Por Antonio
Gómez Sotolongo
Muy
pocas veces en la historia de la literatura nos encontramos con autores tan
obstinados en la descripción del sonido y la piedra. Alejo Carpentier, a través
de toda su obra utilizó, cual banda sonora de un filme, la referencia musical
para reforzar las imágenes creadas. En su narrativa, los personajes se mueven
en espacios rodeados de música y arquitectura.
Nacido
por pura casualidad en La Habana, el 26 de diciembre de 1904, hijo de una rusa
y un francés –a quien según su propio decir le reventaba Europa y fue por eso
por lo que vino a dar a América- iba a ser el primer cubano en su genealogía,
pero no el primer músico. El padre de Alejo, alumno de Pablo Casals, había sido
violonchelista mucho antes de ser arquitecto, y la abuela, alumna de Cesar
Franck, fue pianista, por lo que el Arte Musical formaba parte de las
tradiciones familiares.
Con
tales antecedentes, la música se le dio a Carpentier como algo natural. La
estudió en sus técnicas, la aprehendió en sus esencias y la describió de un
modo perfecto. Lector precoz, tuvo a su alcance una biblioteca paterna
espléndida en la que descubrió a Verne, Salgari y Dumas, y ya a los doce años
escribía novelas imitándolos. Luego, estas lecturas fueron reemplazadas por
otras, hasta llegar a los veinte años cuando encontró en las páginas de Rolland
y Marcel Proust nuevos paradigmas. En 1922, el periódico La Discusión le recibió abriéndole una sección que, bajo el rótulo
de Obras Famosas, publicó los comentarios del joven Alejo sobre El
Corsario, Cartas de mi Molino y muchas otras novelas y
relatos.
En
1927, mientras publicaba en la revista Social sus criterios sobre la obra
de Stravinski, sobre los ballets rusos y temas de actualidad estética en
aquellos días, sus posiciones políticas en contra de la dictadura de Gerardo
Machado fueron puestas también a la luz, por lo que sufrió los rigores de la
prisión junto a otros intelectuales cubanos que se nuclearon en el llamado Grupo
Minorista. Por aquellos días de cárcel comenzó a escribir su primera
novela.
En 1928, en
un escape sin pasaporte, de esos que se ven a menudo en las películas,
Carpentier fue a dar a Francia y entonces vivió en París por más de diez años.
La revista Carteles, que se editaba en La Habana y de la cual él fue uno
de sus directores, no dejó de publicarle.
Joséphine Baker, La Ópera y la Decadencia del Jazz y otros
trabajos entraron en las páginas de aquella legendaria revista cultural durante
el largo exilio.
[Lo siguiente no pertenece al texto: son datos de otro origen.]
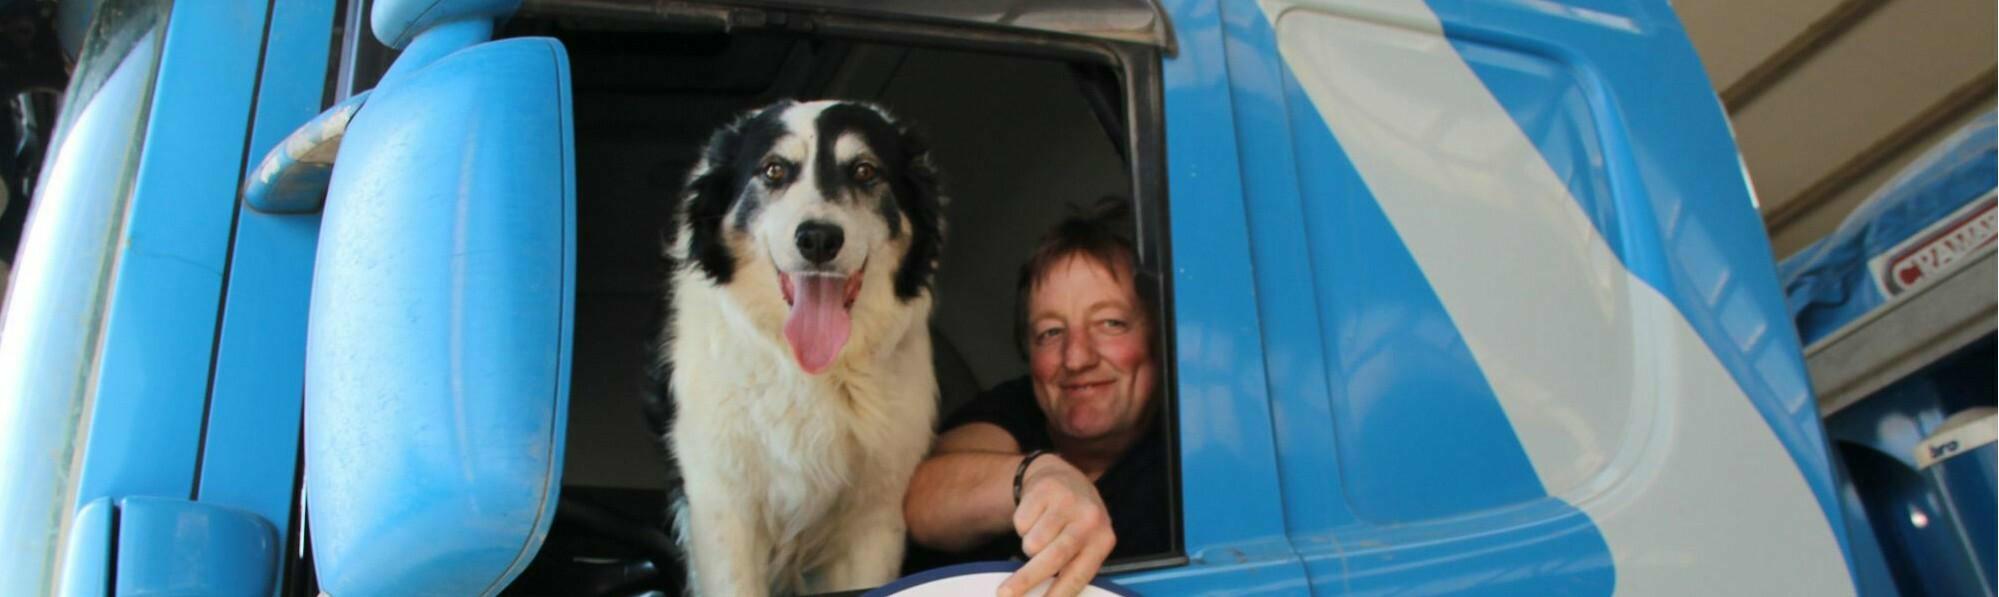 Meet the STAS dog Jules, the border collie co-pilot
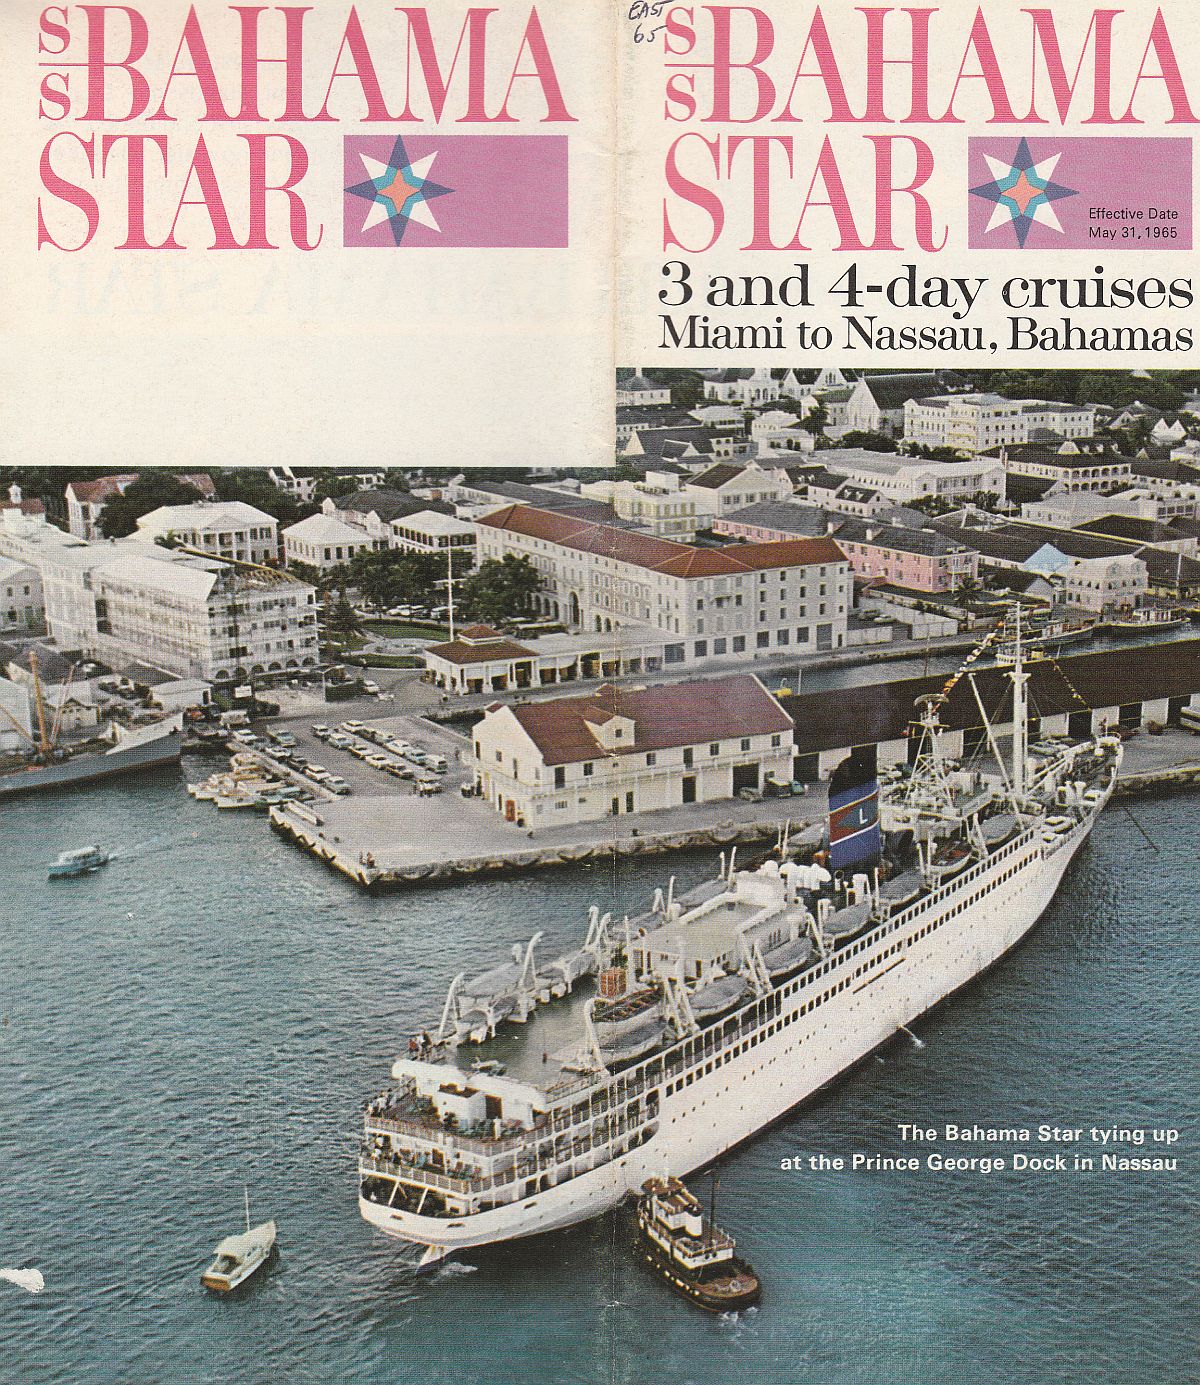 ss Bahama Star effective May 31, 1965: 3 and 4-day cruises Miami to Nassau, Bahamas

Fue la época en la que también Carpentier coqueteó con el
surrealismo y pareció integrarse a un bando de artistas que estuvieron
encabezados por el poeta André Bretón y el pintor Salvador Dalí; incluso, escribió
algunos relatos en francés en los que se involucraba estéticamente con los
postulados de aquella tendencia. Sin embargo, pronto se apartó y en 1937, en
Madrid, vio la luz su primera novela: Ecué-Yamba-O, obra en la cual aún no está el verdadero estilo
del escritor. Se pone a buena distancia de todos los modelos y, aunque él mismo
dijera que aquel libro fue escrito «a como salga», es sin dudas el anuncio de
un escritor genial, de un escritor a quien el surrealismo le permitió salir del
pintoresquismo de Ecué y
descubrir lo real maravilloso americano.
Su oído estuvo siempre atento a cuanta expresión musical se
producía en su entorno. Sus trabajos de crítica y musicología llenaron toda una
época y son un lugar de referencia obligada. A través de toda su vida, publicó
cientos de artículos en los que enjuició de modo certero la obra de
compositores e intérpretes de todas las épocas, fue amigo personal de muchos de
los grandes artistas que cambiaron el panorama sonoro durante la primera mitad
del siglo XX y testigo excepcional de los profundos cambios estéticos
producidos por las Vanguardias.
Cuba, desprovista de cualquier elemento
musical aborigen y de un pobre desarrollo en la plástica popular, pudo forjar,
junto a los elementos que la hicieron surgir como Nación y que integran su
Nacionalidad, una música distintiva, colocada en el centro mismo de su Cultura.
Mucho antes de que la isla conociera el
periódico y antes de que se construyera el primer teatro ya tenía la Catedral
de Santiago de Cuba un compositor como Esteban Salas, quien fuera, al decir de
Carpentier, «el verdadero punto de partida de la práctica de la música seria en
Cuba», quien llegó a constituir una orquesta de catorce músicos, una pequeña
orquesta clásica que se empleó a tiempo completo en los oficios religiosos y
que hizo sonar en suelo cubano las sinfonías de Haydn, Gossel y Pleyel; además,
de mucha de la música religiosa escrita por Paisiello, Porpora y Righini.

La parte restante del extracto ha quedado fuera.